The executive director of International HIV/AIDS Alliance in Ukraine Andrey Klepikov explained that price reduction in his country was the result of cooperation between international donors, the private sector, government agencies and patient organizations.
Success stories are inspirational to patient groups who are now faced with the reality of the new generation of HCV drugs. The global AIDS response taught us that innovative financing strategies can deliver otherwise-inaccessible treatments to marginalized patients.
The Initiative for Medicines, Access & Knowledge (I-MAK), has already filed a patent opposition against Gilead’s Solvadi in the office of India’s Patent Office. I-MAK states that the drug was developed on preceding science on the verge of patent expiry.
Major price reduction discussions are underway between Gilead and Indian generic companies which are rumored to include 60 low and middle income countries. Treatment access experts believe that contracts for generic production will likely factor out MICs, where 85 percent of the 185 million people living with HCV reside.
On Feburary 22nd, patient groups, including Andre’s colleagues, convened with five major pharmaceutical companies to mark history’s first global Hepatitis C community advisory board meeting. Discussion focused on the global scale up of both the standard drugs and the evolving antivirals on the pipeline. The pharma companies charmed the crowd about prospects over voluntary licensing and assistance programs for low income countries. Access policies for MICS were not mentioned. No timeline was discussed.
The treatment activists went home with no vision in sight of when, how, or even if, the drugs will ever be available to them at an affordable price.

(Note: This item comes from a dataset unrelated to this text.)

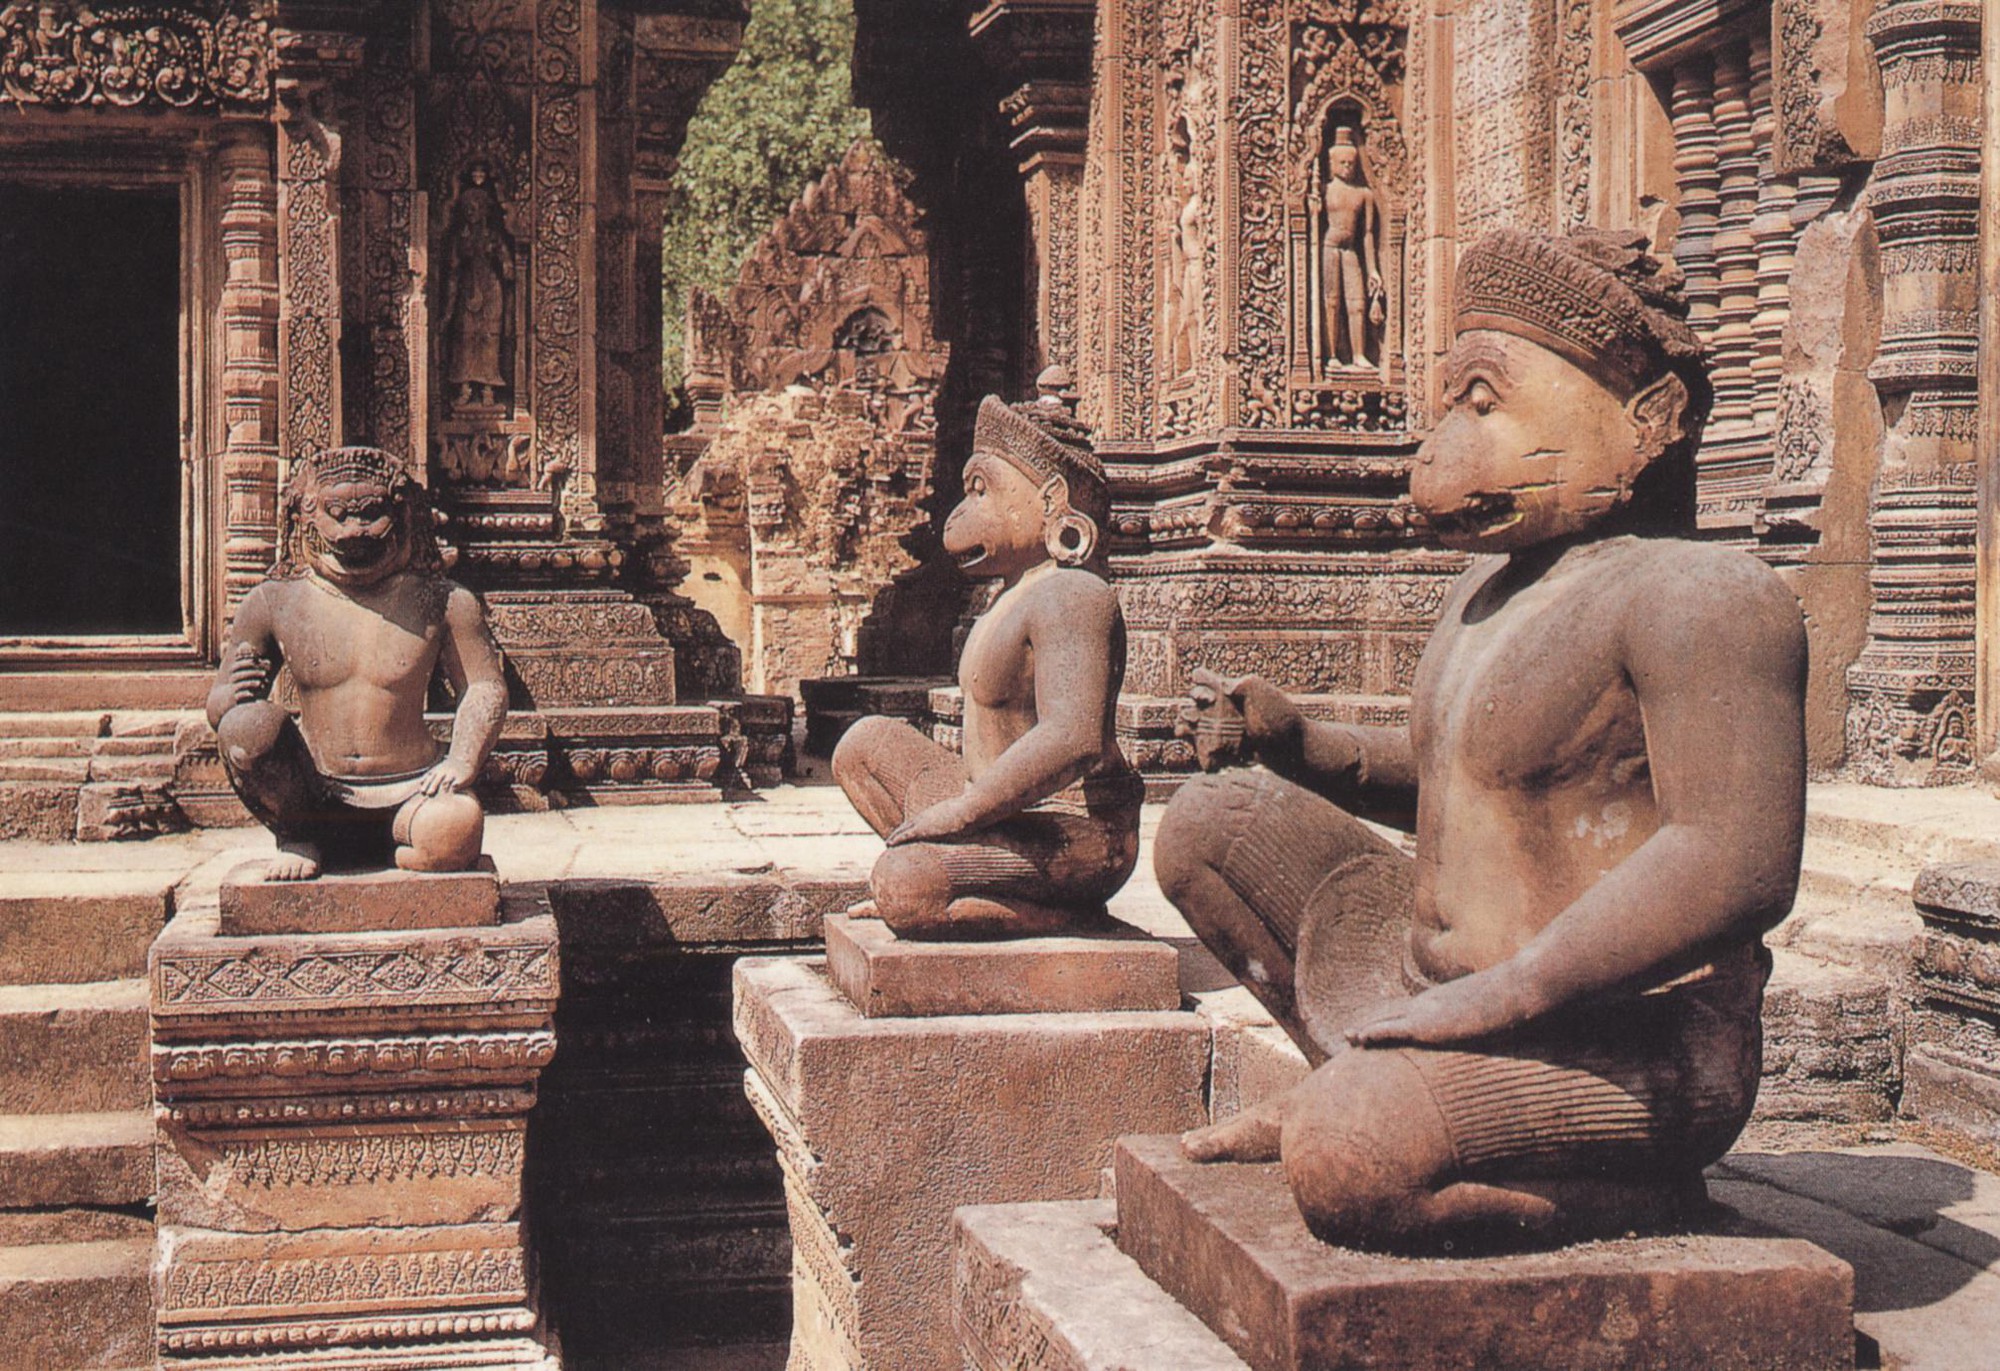 Được xây dựng vào đầu thế kỷ 12, Angkor Wat là một trong những di tích tôn giáo lớn nhất thế giới, thu hút hơn 2 triệu lượt khách du lịch tới thăm mỗi năm

“I call it… a business with blood on its hands,” says Andre.
He tells me stories of friends who have been treated using the standard, long and painful, 48-week course of therapy. He says that most of the time the treatment fails. I asked him what happens after.
“They wait another year and fork up the money, somehow, or they wait for new drugs.”
Andre hopes to enroll in a clinical trial to test the relevancy of the new generation of HCV drugs for Russian patients who are co-infected with HIV. This could help speed up registration and pricing negotiations in Russia.
Manufacturing costs of Sofosbovir are estimated to be only 68–136 USD per course of treatment.
On my way back home through thick snow fall, I can’t help but think about the life saving drug’s influence. If my family never left the Soviet Union, my treatment options would be limited.
When I worked in the lab in Seattle, I sincerely dreamed about the outcome of the biomedical innovations and their use by the people who need them most. Working in the “field” has made me a bit skeptical. Key affected populations face lower socio-economic opportunities and discriminatory barriers to health care services. The patients that I partner with are primarily infected by HIV and HCV through injection drug use, a stigmatized action that pushes people to the margins of society.
Patients already lack access to the current regimens on the global market. So what’s the point of drug innovation if the target population cannot afford these new drugs? The innovations seem out reach more than I ever could have imagined.
I just hope that in the meantime, Andre’s angel is a guardian one.
Natalie Flath, who grew up in Tacoma celebrating her family’s Russian roots, graduated from Seattle Pacific University with a strong interest in global health and development. For the past year-and-a-half she has been working in St. Petersburg with two advocacy organizations, International Treatment Preparedness Coalition in Russia and the EVA Network, the latter a Russian NGO focused on women and children’s health needs.